Program of Thought prompting + SC outperforms CoT + SC (which was state-of-the-art at the time) by an average of 10%.
Next, we’ll look at how few-shot Program of Thought prompting performed. Below is an example of how few-shot Program of Thought works compared to zero-shot.
We’ll start with the few-shot Program of Thought experiment results.
- On average, Program of Thought prompting outperforms CoT by ~8% on the math datasets and 15% on the financial datasets
- In the financial QnA dataset (FinQA), Program of Thought prompting outperforms CoT by almost 20%. This dataset deals with large numbers (in the millions), which led to many miscalculations when using CoT.
Now let's check out the zero-shot results.
- On average, Program of Thought outperforms CoT by ~12% on the math datasets
- Occasionally, the LLM would fallback to generating a reasoning chain in comments rather than writing executable code.
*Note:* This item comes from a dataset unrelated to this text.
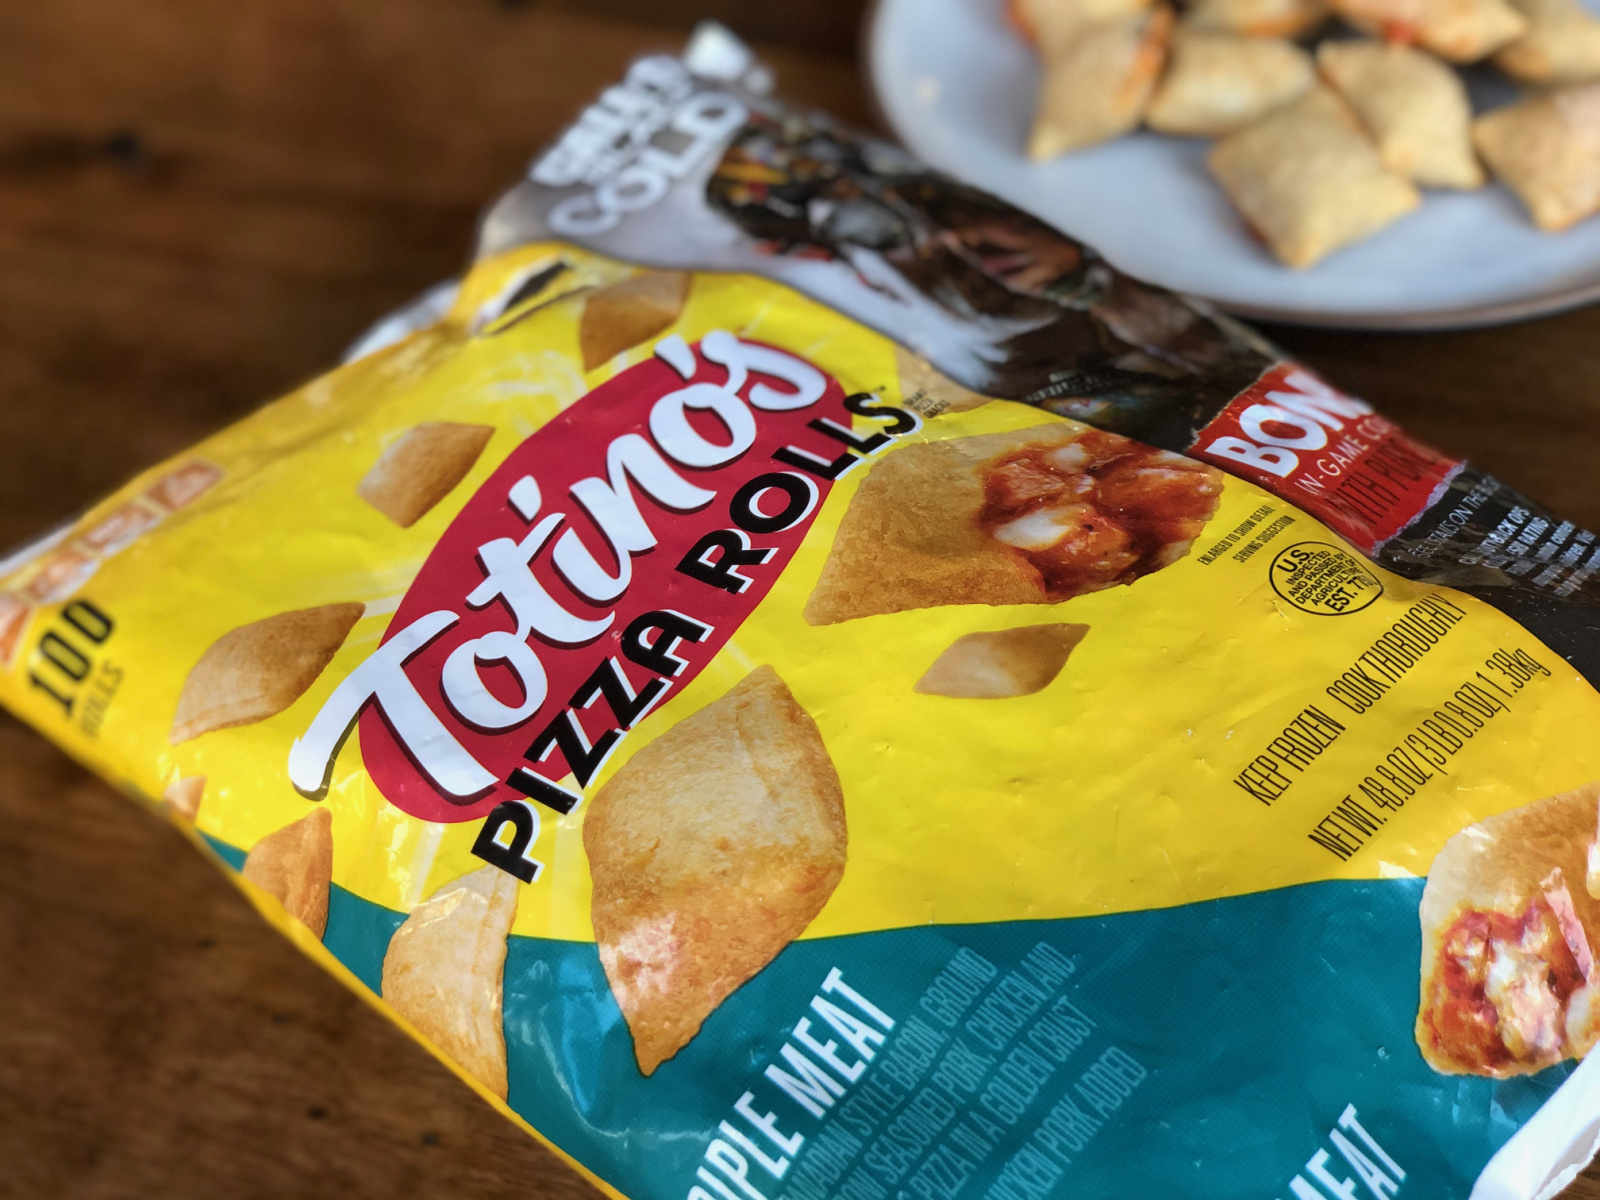 Big Bags Of Totino’s Pizza Rolls As Low As $5.93 At Publix (Regular Price $13.85)

To combat this, the researchers suppressed the ‘#’ token, which denotes a comment in Python, by applying a small bias (of -2) to decrease the probability of the token appearing
- The margin of improvement of Program of Thought prompting over CoT is even larger on zero-shot prompting compared to few-shot prompting
- On TabMWP, zero-shot Program of Thought (66.5) even outperforms few-shot CoT (63.4)
Program of Thought prompt template
We extended the prompt used in the zero-shot Program of Thought template to be more robust. You can access the Program of Thought template in PromptHub for free here.
Wrapping up
By decoupling reasoning from computation, Program of Thought reduces errors and improves performance over traditional methods like Chain-of-Thought prompting.
Program of Thought prompting not only enhances the accuracy of LLMs but also expands their capabilities in solving more intricate problems.
This approach underscores the potential of extending this method of combining natural language processing with programmatic execution to achieve better results when prompt engineering with LLMs.